As shown by reference number 308, the AMF 302 may provide a forward relocation request (shown as FWD relocation request) to the MME 304 based at least in part on the first handover command message. The forward relocation request may initiate a fallback procedure from 5G/NR to 4G/LTE, and/or from 4G/LTE to 2G/3G. For example, the forward relocation request may identify the UE 120 and may indicate that the UE 120 is to be handed over from the 5G/NR BS 110 to a 4G/LTE BS 110 and/or a 2G/3G cell provided by a 2G/3G BS 110.

As shown by reference number 310, the MME 304 may provide a handover request to the 4G/LTE BS 110. For example, the handover request may indicate that the UE 120 is to be handed over from the 5G/NR BS 110 to a 2G/3G BS 110 (not shown) that provides a 2G/3G cell.

As shown by reference number 312, the 4G/LTE BS 110 may provide an acknowledgment of the handover request. As further shown, the acknowledgment may include information identifying a 2G/3G measurement configuration. For example, the 4G/LTE BS 110 may configure the UE 120 to perform particular measurements to identify a suitable 2G/3G cell for handover. As further shown, the 4G/LTE BS 110 may encapsulate the acknowledgment in an LTE RRC container. The LTE RRC container may provide for tunneling of the 2G/3G measurement configuration to the UE 120 without using an LTE air interface to provide the 2G/3G measurement configuration. For example, the LTE RRC container may be transparent to the 5G/NR BS 110.

As shown by reference number 314, the MME 304 may provide a forward relocation response to the AMF 302. As shown by reference number 316, the AMF 302 may provide a handover command to the 5G/NR BS 110. For example, the forward relocation response and the handover command may include the 2G/3G measurement configuration.

As shown by reference number 318, the 5G/NR BS 110 may provide the handover command to the UE 120. As shown, the handover command may include the 2G/3G measurement configuration. As further shown, the handover command may identify a measurement gap. In some aspects, the handover command may be provided in a target-to-source transparent container, or a container that is transparent to the 5G/NR BS 110. For example, the 5G/NR BS 110 may determine the measurement gap, and may provide scheduling information to the UE 120 identifying the measurement gap. In this way, the 2G/3G measurement configuration is provided from the 4G/LTE BS 110 to the UE 120 without using an LTE air interface, which improves speed and efficiency of performing a fallback to 2G/3G.
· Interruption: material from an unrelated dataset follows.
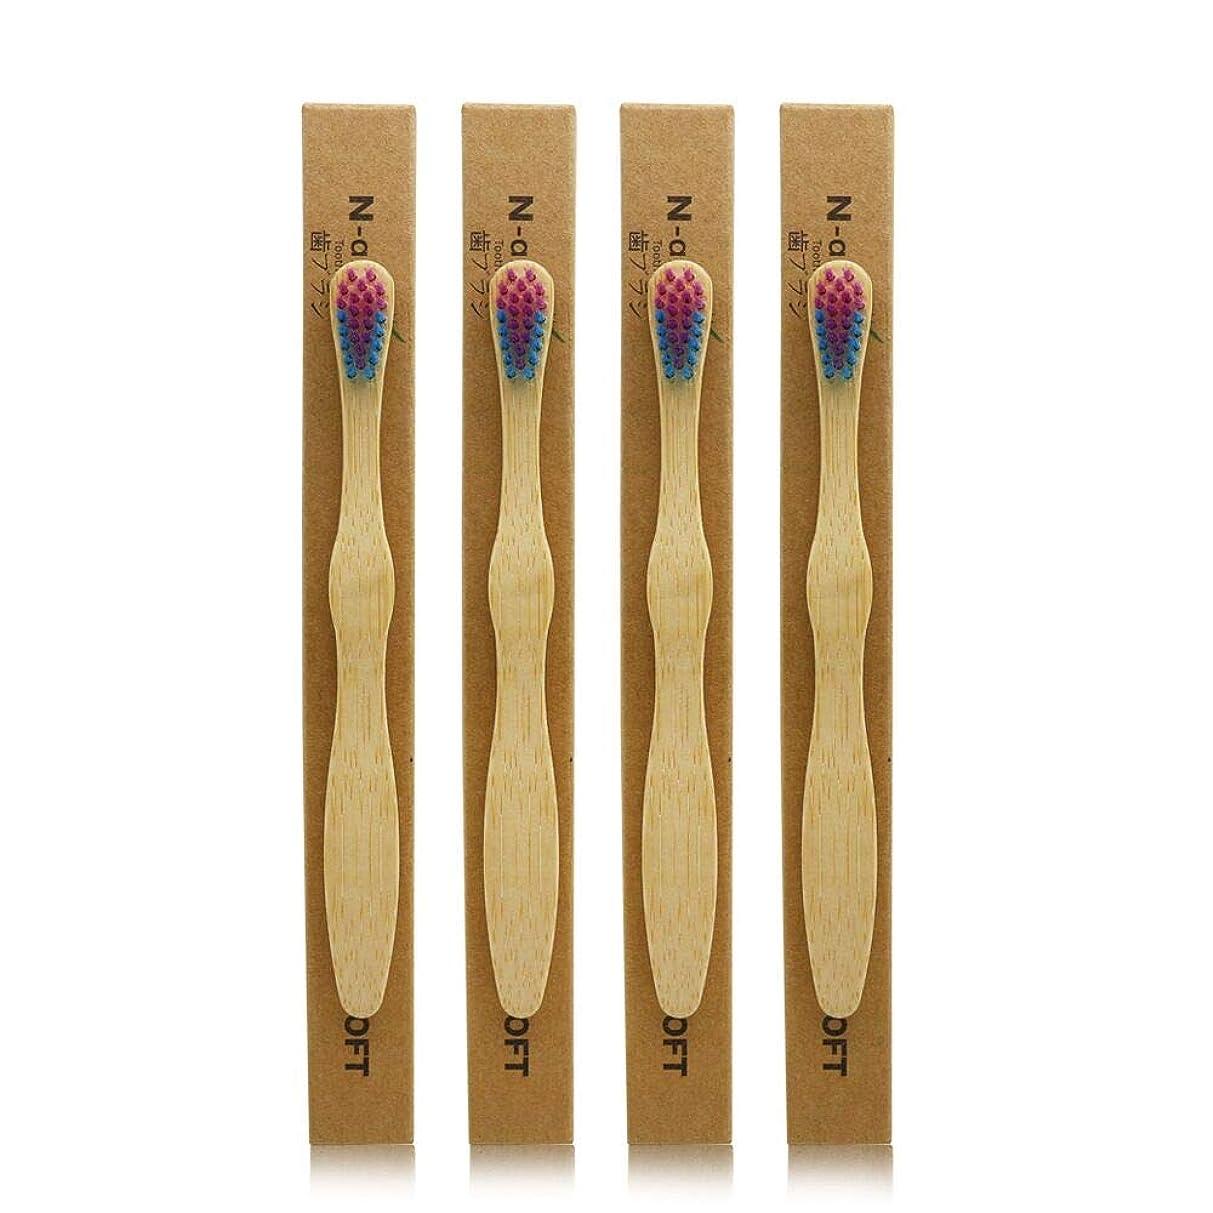 合併クリスマス悪因子N-amboo 竹製耐久度高い 子供 歯ブラシ エコ 4本入り セット むらさきいろ
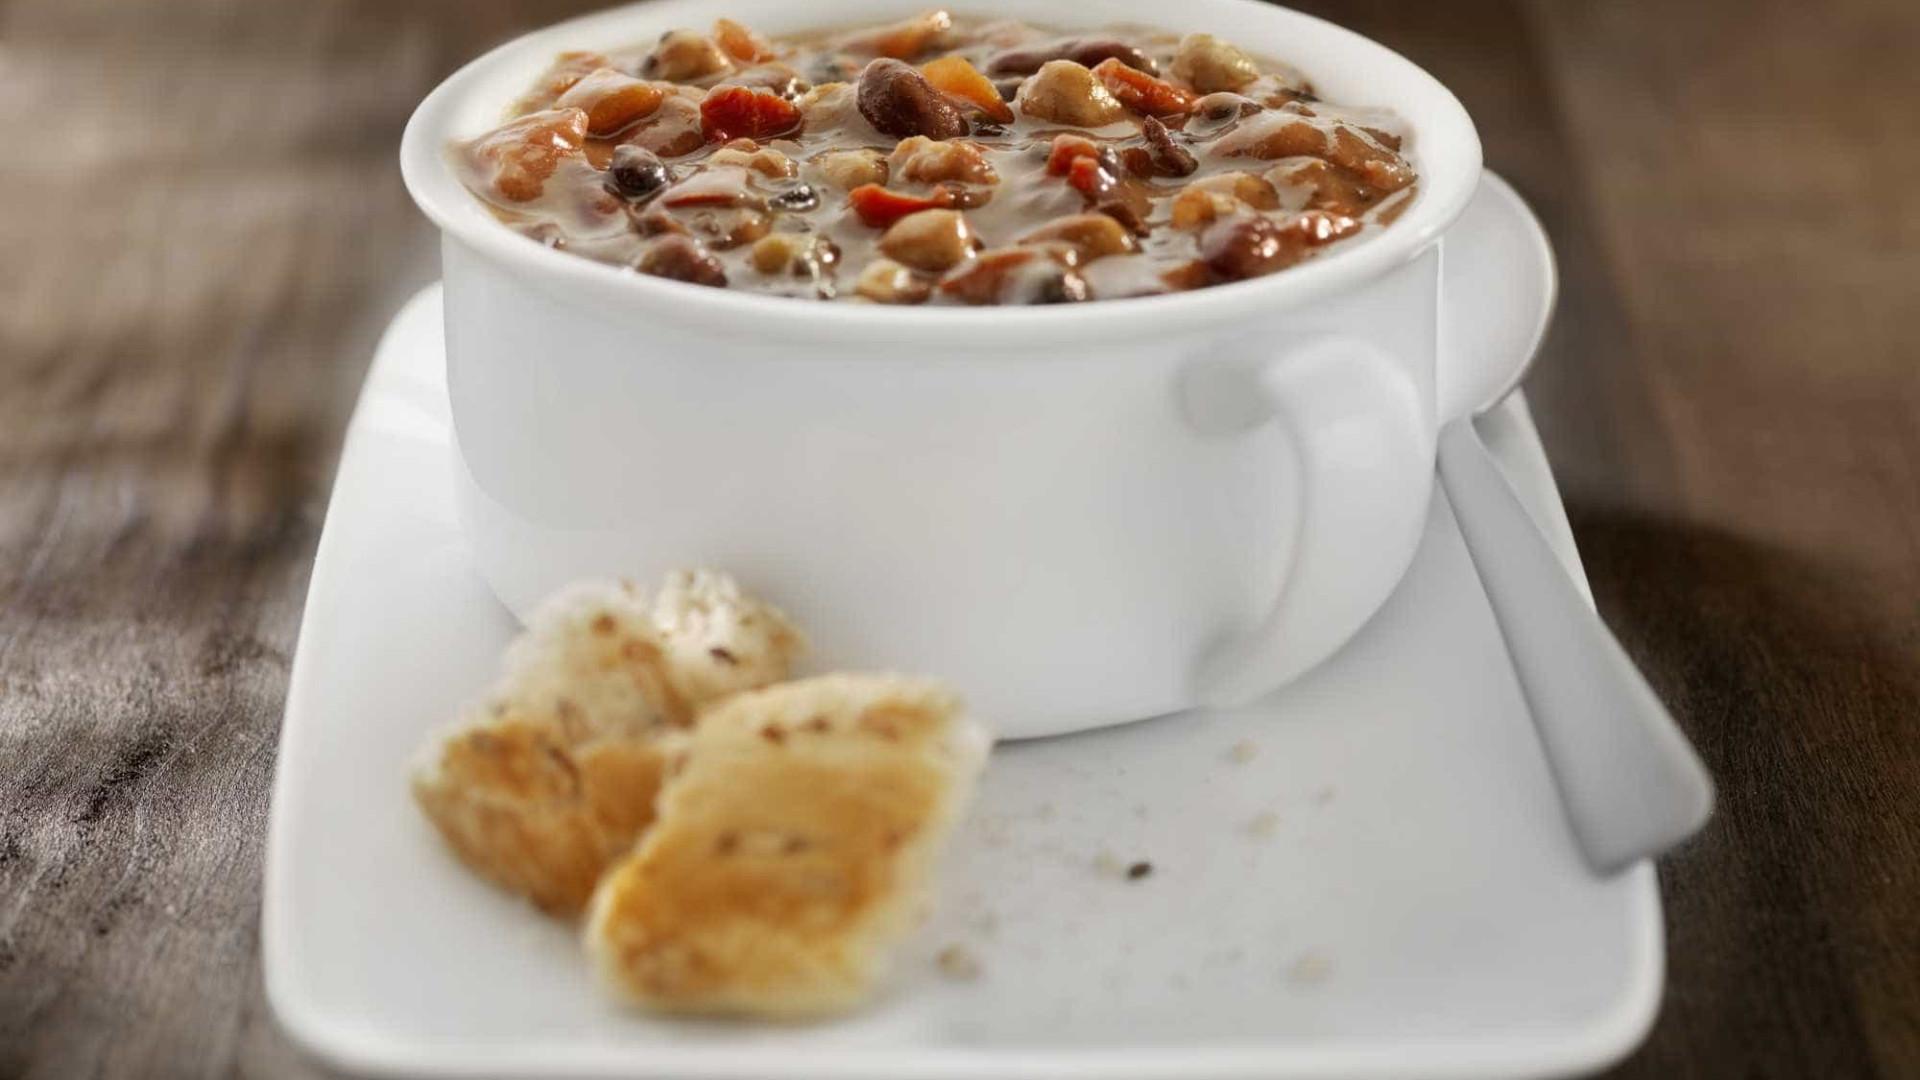 Aprenda a preparar uma sopa de feijão especial para as crianças

As shown by reference number 320, the UE 120 may perform the 2G/3G measurement identified by the 2G/3G measurement configuration. For example, the UE 120 may perform the 2G/3G measurement in the measurement gap to determine a target 2G/3G cell for performing the fallback. In some aspects, the UE 120 may perform measurements with regard to multiple, different 2G/3G cells, and may select a best cell, as described in more detail elsewhere herein.

As shown by reference number 322, the UE 120 may provide a measurement report to the 4G/LTE BS 110 via the 5G/NR BS 110, the AMF 302, and the MME 304. For example, the UE 120 may provide the measurement report in an LTE RRC container, which may be transparent to the 5G/NR BS 110. Additionally, or alternatively, the UE 120 may provide the measurement report in a source-to-target transparent container. In this way, the UE 120 provides the measurement report to the 4G/LTE BS 110 using a tunnel via the 5G/NR BS 110, which reduces reliance on the 4G/LTE air interface to perform the fallback from 4G/LTE to 2G/3G.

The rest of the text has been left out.